Lardinois, T. - Presenter, Purdue University
Bates, J. S., Purdue University
Getsoian, A., University of California - Berkeley
Miller, J. T., Purdue University
Gounder, R., Purdue University
Pd-exchanged chabazite (CHA) zeolites offer promise as passive NOx adsorbers (PNA) that mitigate vehicular NOx emissions during cold-start conditions when exhaust temperatures are below (<450 K) the operating temperature window of currently used catalytic converters.
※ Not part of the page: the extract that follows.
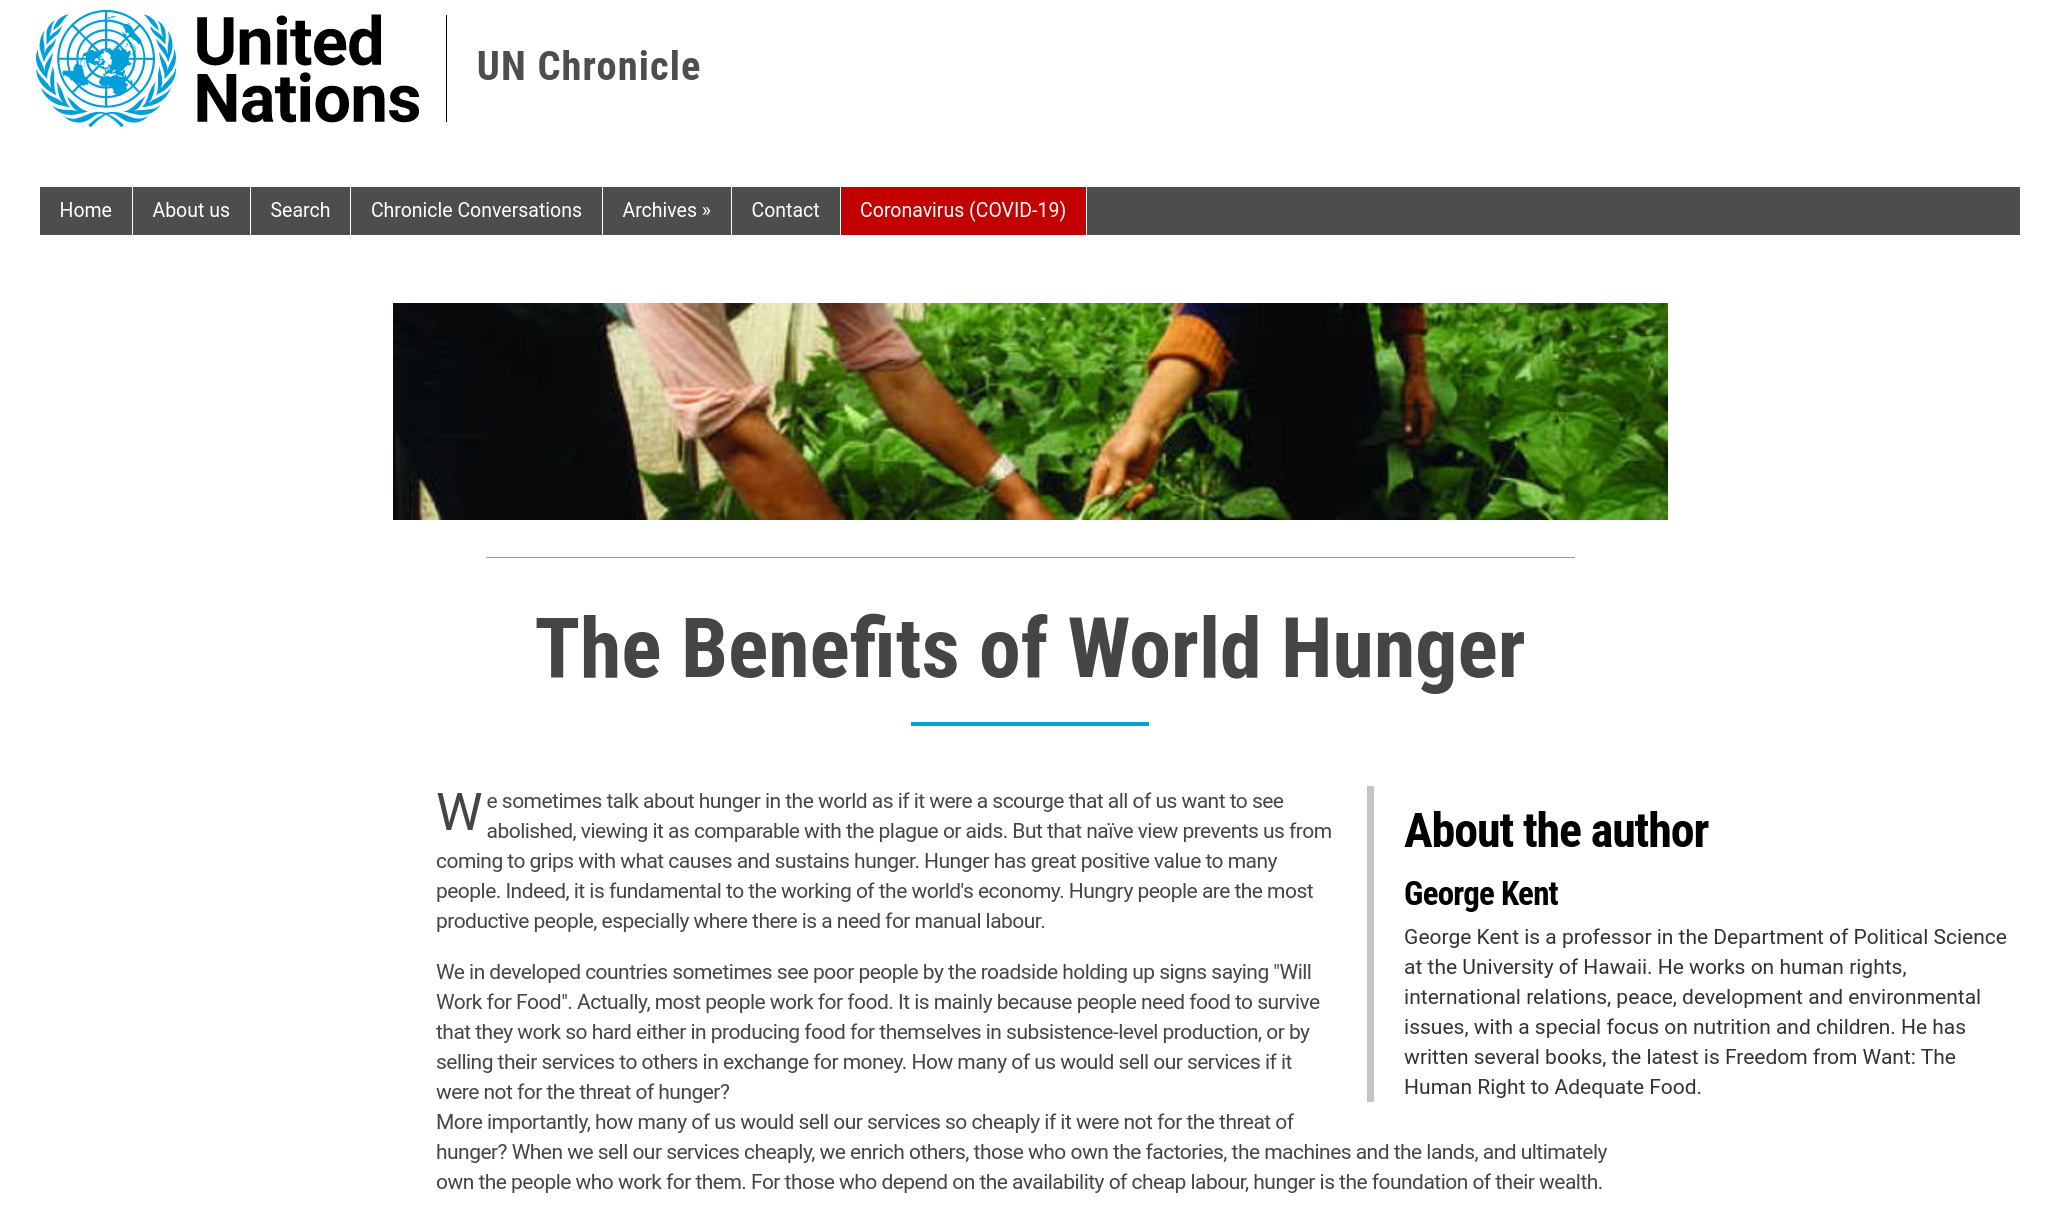 UN journal touts ‘The Benefits of World Hunger’ – ‘Hunger has great positive value…Hungry people are the most productive people’ – UN deletes essay after outcry

Site-isolated, ion-exchanged Pd species in CHA zeolites are proposed precursors to the NO adsorption sites [1]. Yet their formation, structure (e.g., Pd2+, [PdOH]+, Pd+), and the zeolite lattice sites and framework Al configurations that bind them remain unclear. Here, we study how the material properties and gaseous treatments of Pd-CHA influence Pd speciation and NOx adsorption.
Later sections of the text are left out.